Figure 2 shows a zoomed in view of this network, which highlights one of the dense clusters of interconnected researchers.

Figure 2. A closer look (lower left) of the many connection in the ESSI 2015 network.

Figure 2. A closer look (lower left) of the many connection in the ESSI 2015 network.

From this analysis we can determine that the aforementioned individuals are central to AGU’s informatics and data science efforts. This information is beneficial for an organization as it seeks to understand and develop outreach, engagement, and leadership opportunities. There’s nothing wrong with having a few key collaborators you work with regularly. Yet, when combined with other data this may reveal opportunities for collaborative event planning and new initiatives.

For example, some of the people on the outskirts of Figure 1 have few connections because

they are new to the field. Future software tools can leverage network analysis such that students and early career scientists can easily identify key projects and people in their field. But if we’re going to use data to drive our decision making then we need to do so properly. There’s a whole host of data management issues that need to be considered—many of which have been very well described by others in previous posts in this series. Data scientists spend 60% of their time cleaning and preparing data. The AGU data is no different. I appear in the historical AGU records as T. Narock, T. W. Narock, and Thomas Narock. A fair amount of disambiguation had to be applied to consolidate data and obtain the above results. Serious use of data driven decision making requires a long-term data management policy.
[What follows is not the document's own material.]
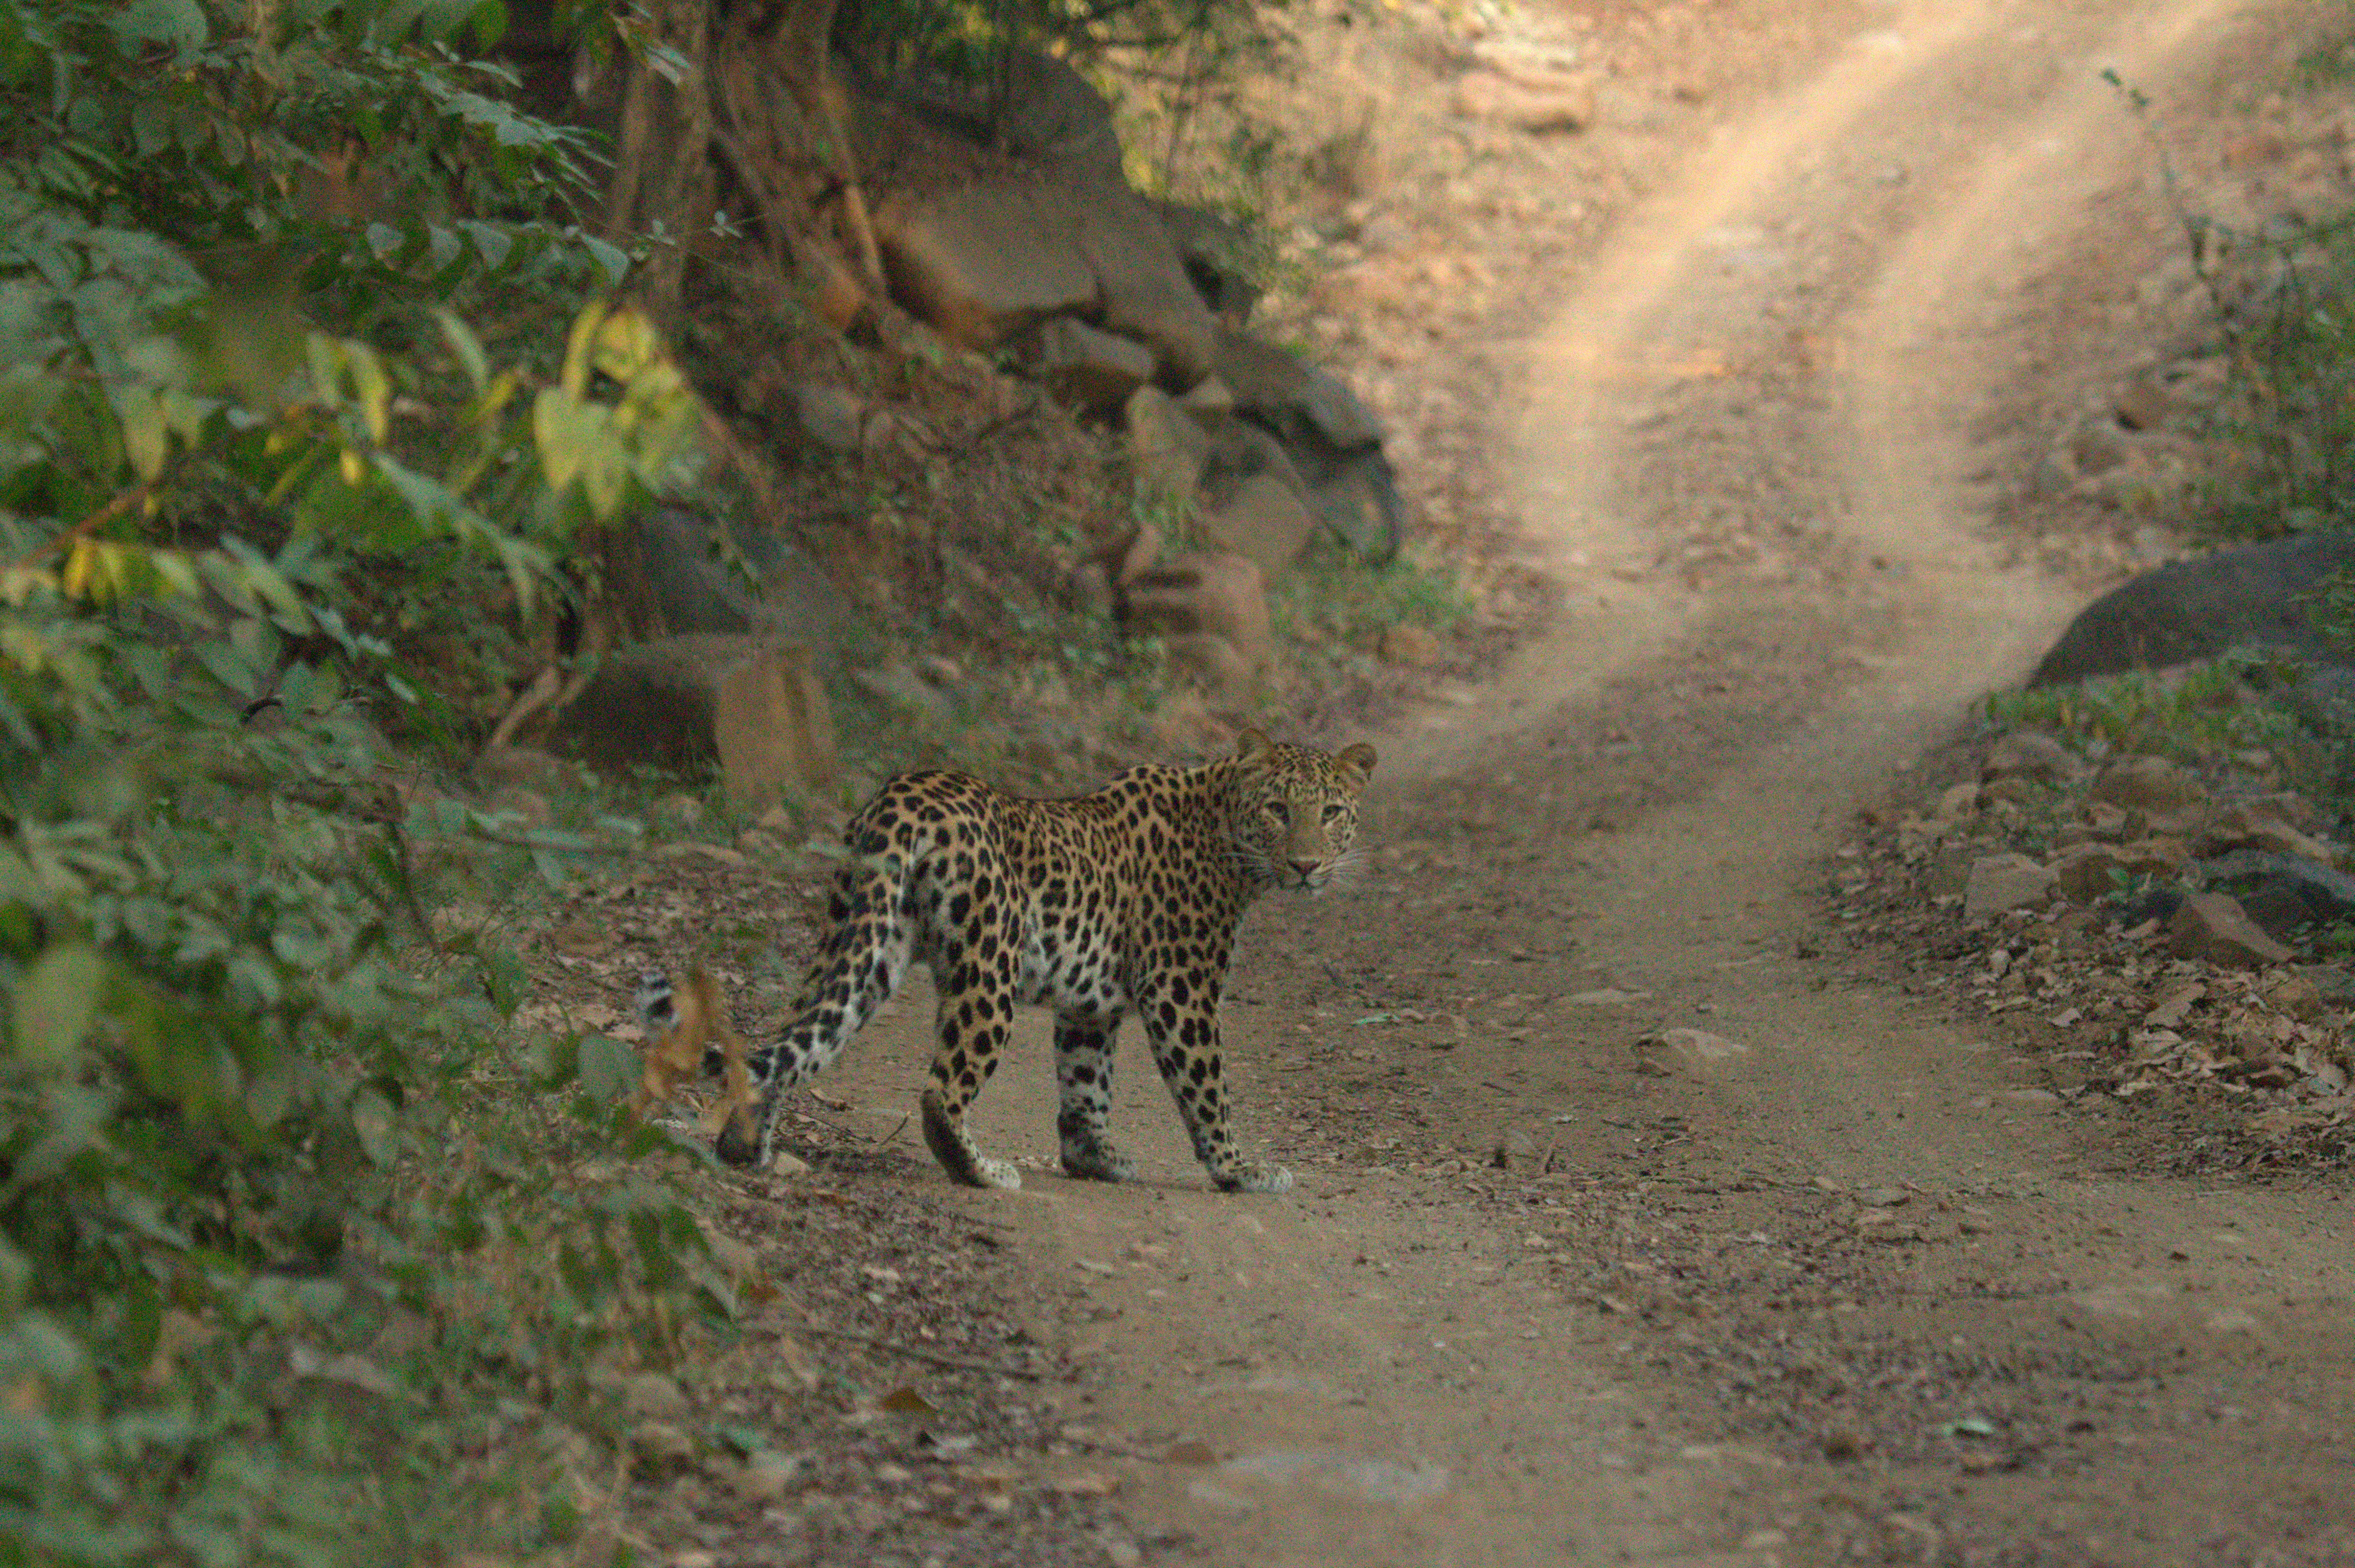 Leopard in Ranthambhore National Park

Facebook, LinkedIn, and many other companies are using these techniques to enhance their business. The AGU and similar organizations can do the same, but with the goal of enhancing communication, collaboration, and inclusion. The simple analysis in this post only considers one AGU Focus Group. The potential exists for data driven discoveries across the whole of AGU. Topic analysis, keyword trends, and collaboration across disciplines are a few examples of the types of analysis that can be done and ultimately integrated into the AGU strategy and structure. Many for-profit companies are using data science to enhance their bottom line. Let’s do the same for the enhancement of science.

—Tom Narock is an Assistant Professor of Information Technology at Marymount University.